Chapter 16 - Damian
DAMIAN
The ED does not care that I am in a good mood. It attempts to correct that immediately.
By seven p.m., we’re already short a nurse, radiology is backed up, and triage has flagged three possible admissions that all insist they were fine an hour ago. The board glows in hostile yellow across the nurses’ station, a steady reminder that we’re behind.
Meron appears at my elbow before I even open my first chart. “You signed off on room four without consulting cardio.”
“I paged them. They declined.”
“You should document that more clearly.”
“I documented it just fine.”
He flips through the digital chart with unnecessary intensity.
“It’s under notes,” I add calmly.
He scrolls. Finds it. Says nothing.
Normally, this is where I would feel the familiar tightening in my jaw. The low simmer that comes from being audited by someone who knows exactly how to push.
Tonight, the irritation doesn’t quite take hold. In fact, I’m smiling. It’s fun to see him prove himself wrong, and Perry’s kitchen lingers in my head instead. Morning light across her counter. The way she leaned against the stove like she wasn’t trying to be anything other than tired and honest.
Coffee first, always.
The memory blunts the edge of Meron’s tone. “You’re distracted.”
“I’m not distracted. You’re wrong about that too. Wanna try for three accusations and see if that one lands?”
He scowls, lines forming that odd railroad pattern on his forehead. “You are distracted, and you should chart better.”
“I’m efficient. We both know it.” I don’t offer more, not even when his glare intensifies.
But a nurse hollers for him, and the stand-off is over.
We move through the next wave of patients with the usual choreography. I suture a laceration. Clear a concussion. Calm a man convinced his heartburn is a heart attack—might be our most common complaint in Snow Valley.
Meron shadows, comments, and adjusts as he sees fit. “You’re moving fast,” he says again when I discharge room six.
“I would slow down to your speed, but these are emergency cases we’re dealing with, and I’d hate to lose a patient just so I can cater to your lack of caffeine.”
“That’s not what I meant.”
“I know what you meant.”
He follows me down the hall as we head toward trauma. “You’re being insubordinate.”
I glance sideways at him. “That’s a criticism? Or a compliment?”
“What’s gotten into you?”
I know this game with Meron. He anticipates tension and prepares to exploit it.
I sign off on a chart and look at him fully for the first time all night.
“You’ve been a pain in the ass all night, but you’re not getting under my skin anymore, and that bothers you.
The problem for you is that your little petty antics don’t bug me anymore, Meron.
You’re not getting under my skin. Be childish. It really doesn’t matter to me.”
The fluorescent lights catch the faint crease between his brows as he looks me up and down. His voice turns flat. “You got laid.”
I simply remove my gloves, toss them in the bin, and offer him a mild shrug. “Time for my break.”
“It is not—”
“Check the time.” I smile and pat his shoulder.

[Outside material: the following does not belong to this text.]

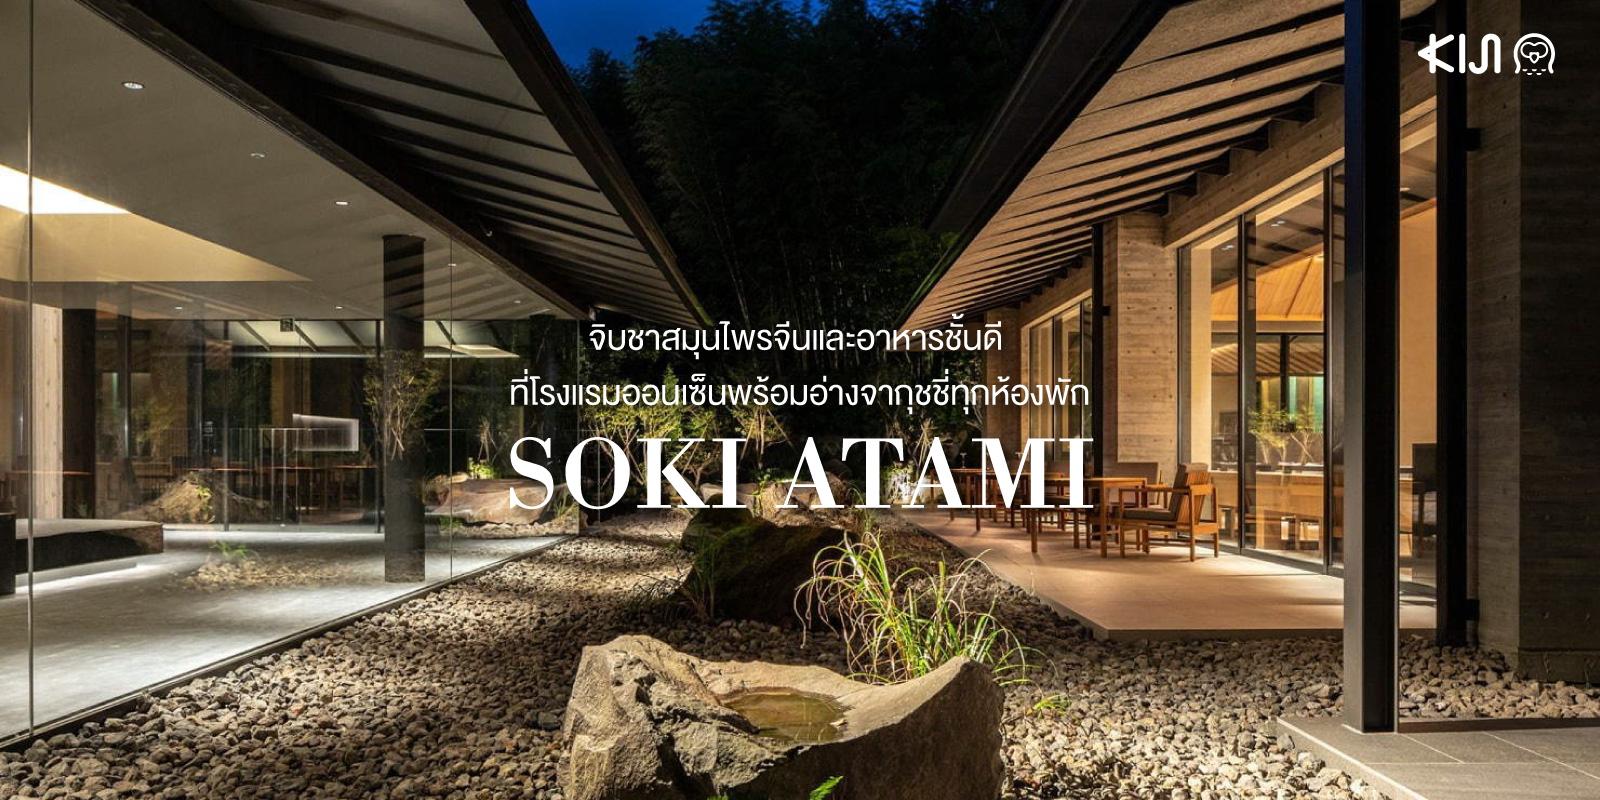 SOKI ATAMI โรงแรมสไตล์โมเดิร์นที่ครบครันทั้งออนเซ็นและบรรยากาศในการชมวิวสุด exclusive

He does, then grimaces. “Fine. Go on break.”
“I wasn’t asking your permission, Meron. I was telling you. Try to keep up.” I smile again and stroll away. For years, his needling has sat under my skin like a splinter. Tonight, it slides off because for the first time in a long while, something else occupies that space.
Something far better.
The night air behind the hospital is sharp enough to feel medicinal.
Refreshing. The alley is quiet except for the faint hum of the AC units and the distant echo of traffic on the main road.
Snow Valley looks tame from this angle—brick buildings, dumpsters, old brickwork that hasn’t been updated in decades.
Scout is already there.
He materializes from behind the recycling bins the moment I step outside, tail wagging cautiously at first and then with more commitment once he recognizes me.
“Evening, Scout,” I say, crouching.
He approaches slowly, as if maintaining the illusion that this is still his territory and I am the visitor.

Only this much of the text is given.